The Moral Economy: Poverty, Credit, and Trust in Early Modern Europe
Review by Anne EC McCants
Laurence Fontaine begins her (newly translated into English) book, The Moral Economy: Poverty, Credit, and Trust in Early Modern Europe—a magisterial overview of the social context of money-lending and poverty before the industrial age—squarely in the present. Her opening question is to wonder if there is "an alternative to this new form of savagery that economic liberalism has become" (p. 1)? And in partial answer she invokes the 'new' enthusiasm for micro-credit schemes to address the failure of capital markets in the developing world. In particular, she argues that: "Microcredit today is endowed with the virtues of a moral economy, for it creates solidarity" (p. 2). The persistence of poverty around the globe despite the dramatic increase in both production and productivity in the 19th and 20th centuries—that is in the period after her object of study—coupled with the specific brutality of the sub-prime and home mortgage crash of 2008 and the painfully slow global recovery from it, make this an ideal time to revisit the morality of an economic system that preceded our own. Does history have something to teach us about a more ethical way of structuring our economic life, or are we simply misled by nostalgia when we look backwards and see what appears to have been greater social solidarity? These questions are critical, both for our understanding of the past as well as our prospects for the present. Fortunately, Fontaine is equipped with an impressive breadth of historical compass and the sharp clarity of thought necessary to sift the wheat from the chaff, leaving us with answers that are as intellectually compelling as they are humane.

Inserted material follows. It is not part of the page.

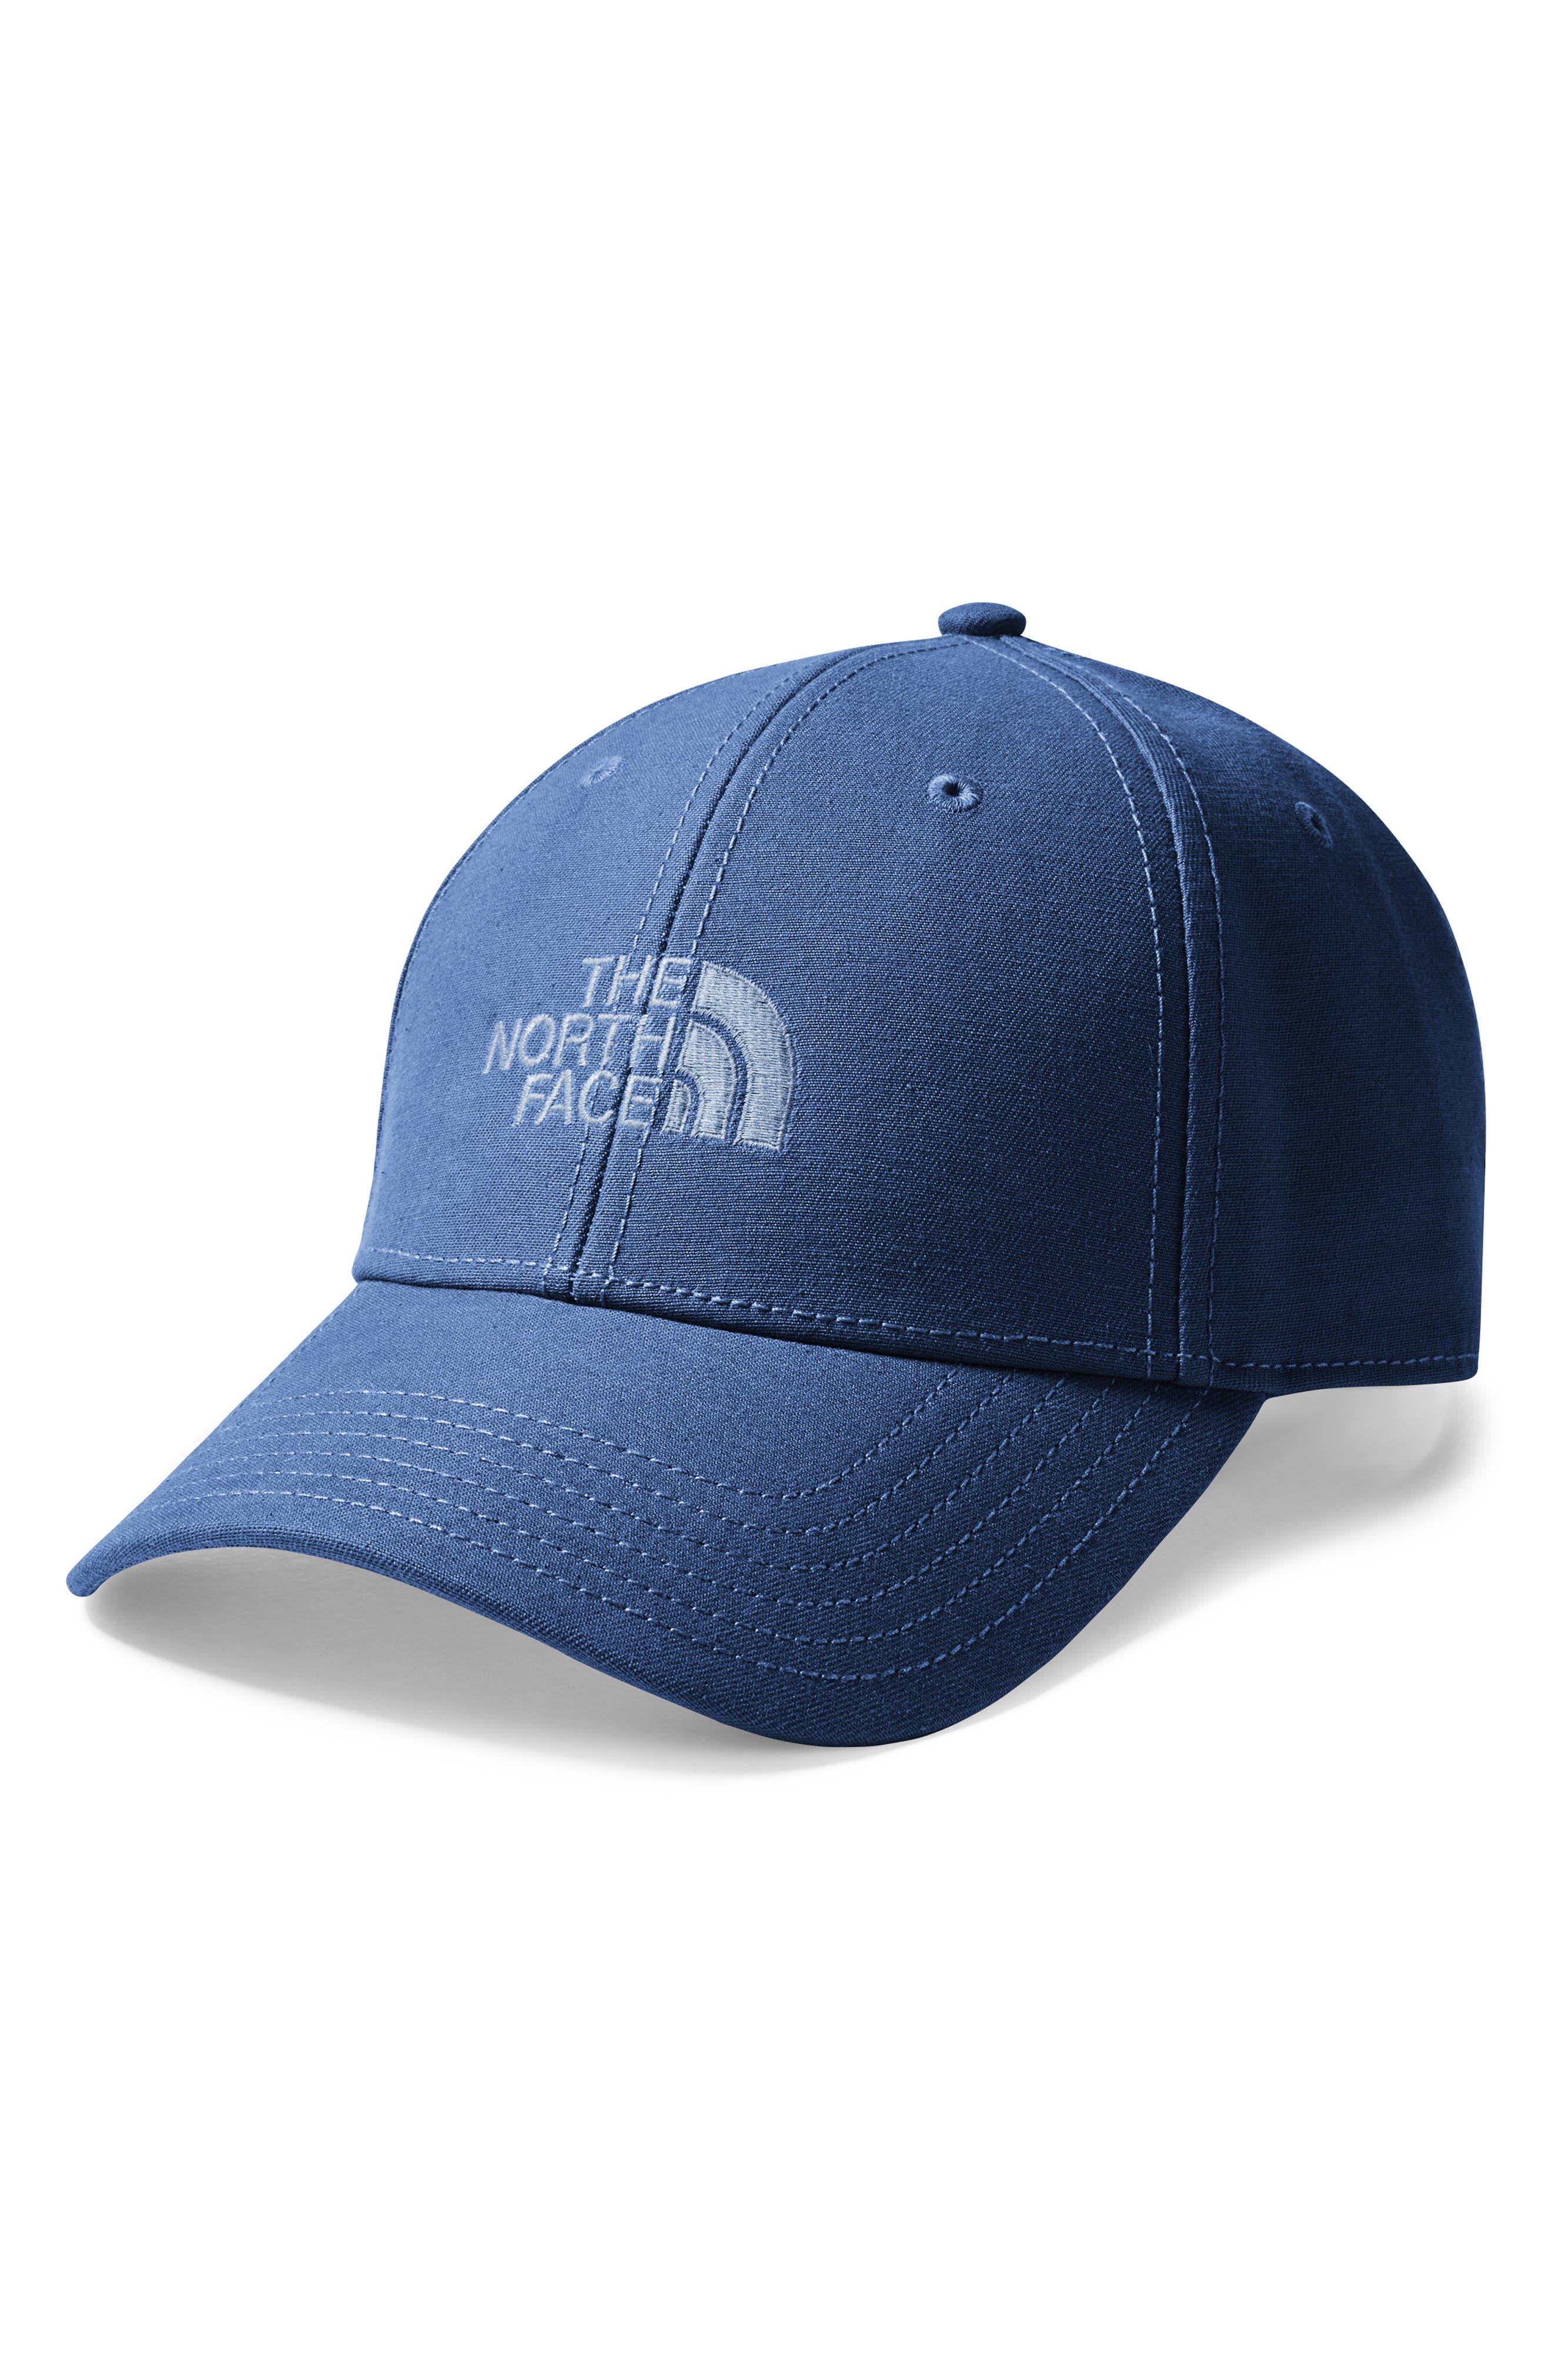 66 Classic Cap,                         Main,                         color, SHADY BLUE/ GULL BLUE

Before she can tackle her framing questions however, Fontaine provides her reader with the best of what history has to offer: A geographically and thematically comprehensive survey of what has been learned over the last half century of social historical research about credit (with "belief, faith, and authority" as its semantic origins, p. 11), gift-giving, indebtedness, poverty, and trust. She examines these socially complex and interrelated phenomena from a diverse range of relevant perspectives: That of peasants, the landed aristocracy, urban financiers, the emerging bourgeoisie, the royal court, and women generally given their peculiar financial and legal disabilities. She also surveys the life of these concepts as played out in the early modern theatre and as employed by the pawnshop movement, the changing meanings of the words themselves as they appear in dictionaries, encyclopedias, and personal correspondence, and the clerical and legal prohibitions against usury. Her sources range from Central Europe to the Iberian Peninsula, to the North Sea Littoral, with not surprisingly her most extensive material drawn from England, France and Italy. The book is deeply informed by her own pioneering work on peddlers and household survival strategies, but it also broadly researched in the large secondary literature over which Fontaine holds an impressive command. Indeed, this would be a book well worth reading for its distillation of the vast bibliography alone.

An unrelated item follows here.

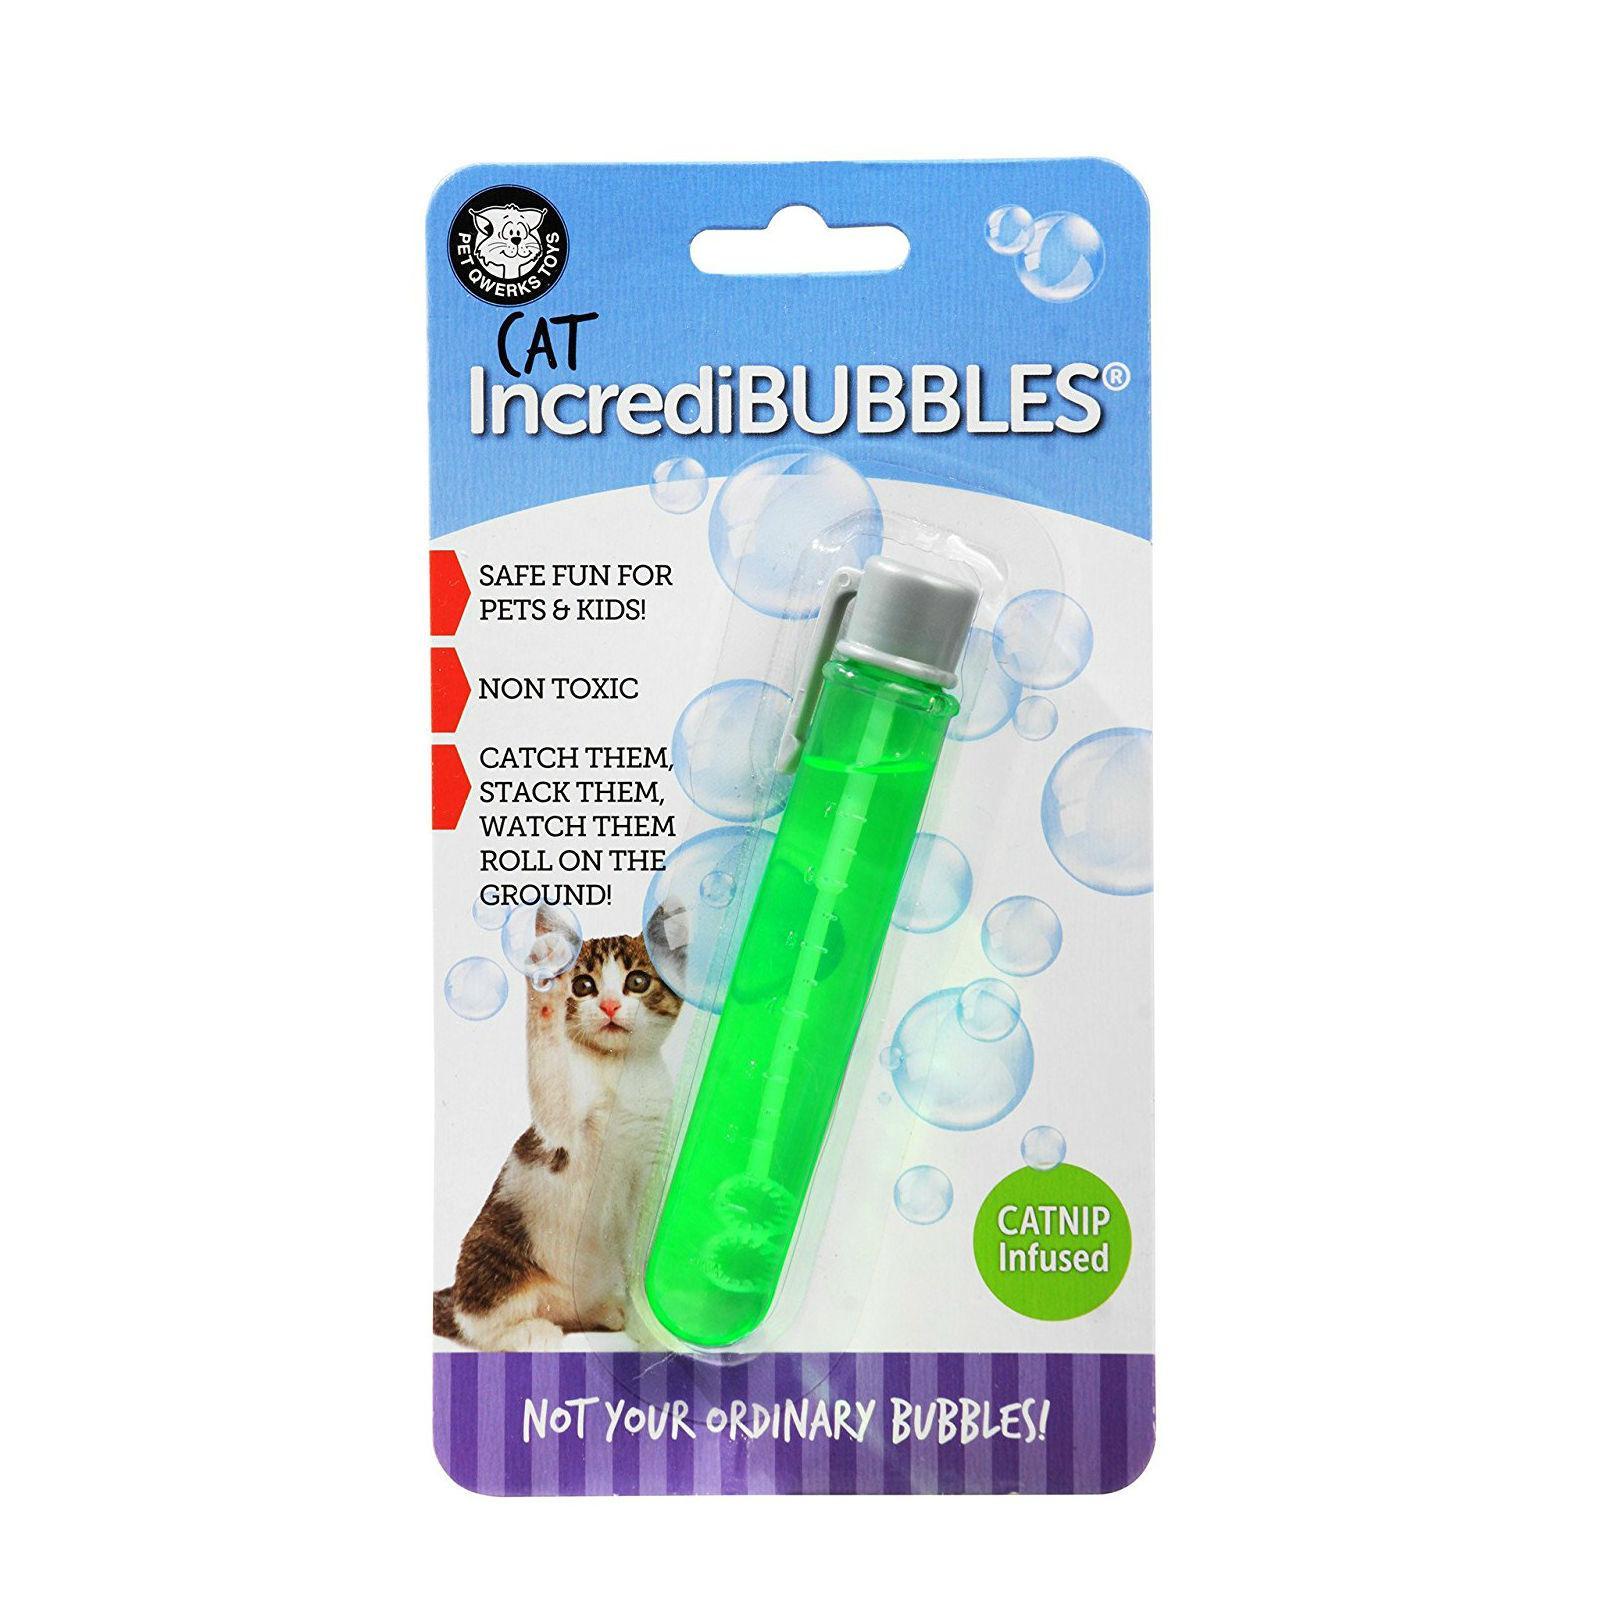 Pet Qwerks Cat Incredibubbles Catnip Flavored Bubbles

Her most important historical claim is that in the early modern period creditor / debtor obligations lay at the heart of all social relationships, and were essential to their maintenance. Paying off loans completely actually had negative social repercussions, at least before the later 18th century. with the emergence of a bourgeois preference for arms-length, fixed-term credit arrangements that were strictly contractual in nature. Older aristocratic notions of friendship and honor had demanded that credit be extended to any claimant in one's circle even if at their peril. The pawnshop offered one solution to a world whose values were in transition by providing those suffering from weak social links to the market credit that would otherwise be unavailable to them. Nonetheless, the intractable problem with the pawnshop then, and now for that matter, is whether it should be understood as an institution of credit or charity.

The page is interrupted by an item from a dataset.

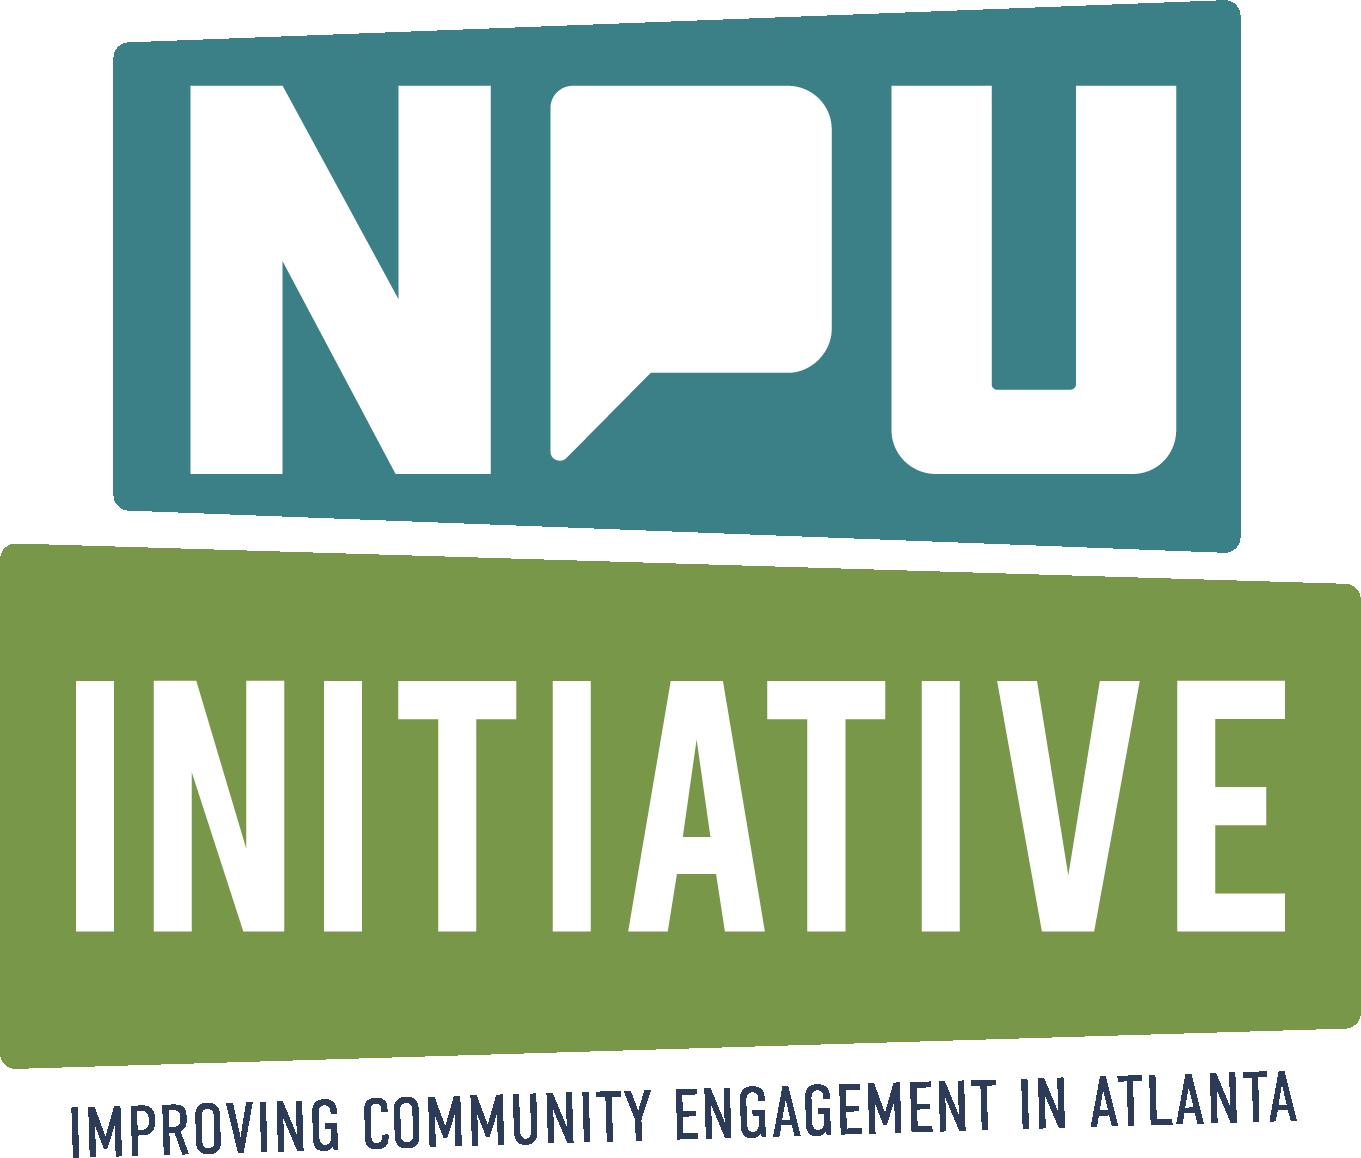 NPUInitiative_Full.png

The marketplace, an ancient space to be sure, was also dependent on personal knowledge informed by correspondence or proximity in which both the quality and quantity of goods might be uncertain. It was not yet the market of neo-liberal economics with 'perfect information' based on price clearing fundamentals. Given the power of bargaining in the early modern context then, Fontaine warns us then to be clear-eyed about the social solidarities of the past. For those richly endowed with friends and information, the social network could indeed overcome temporary hardship or a foolish decision. For those not so endowed—that is those who failed to nurture friendships or cultivate a credit-worthy persona or even just the appearance of one—they were forced into all variety of informal finance. But then, as now, informal finance was expensive, indeed, usurious (p. 302).
The moral voice she turns to finally is that of Amartya Sen, placing her hopes on equal access for all to a full participation in public discourse, the "circulation and sharing of information as a common good," and the nurturance of institutions that assure everyone of the basic necessities of life. If our political economy could yield these things we would not need to pine for a utopian vision of a 'world lost' of the kind that Karl Polanyi offered up in 1944. We could instead pursue the "more ambitious goal" of helping everyone to "live the life he or she wants" (p. 320). After a long career spent uncovering the hardships of early modern poverty and the development of social institutions tasked with their remedy, this ambitious goal for our own society is one that Fontaine can speak to with authority and persuasiveness. Her book should be on the reading list of everyone who wants to move beyond nostalgia for a seemingly simpler past, or to address the complex issues of poverty in our own day.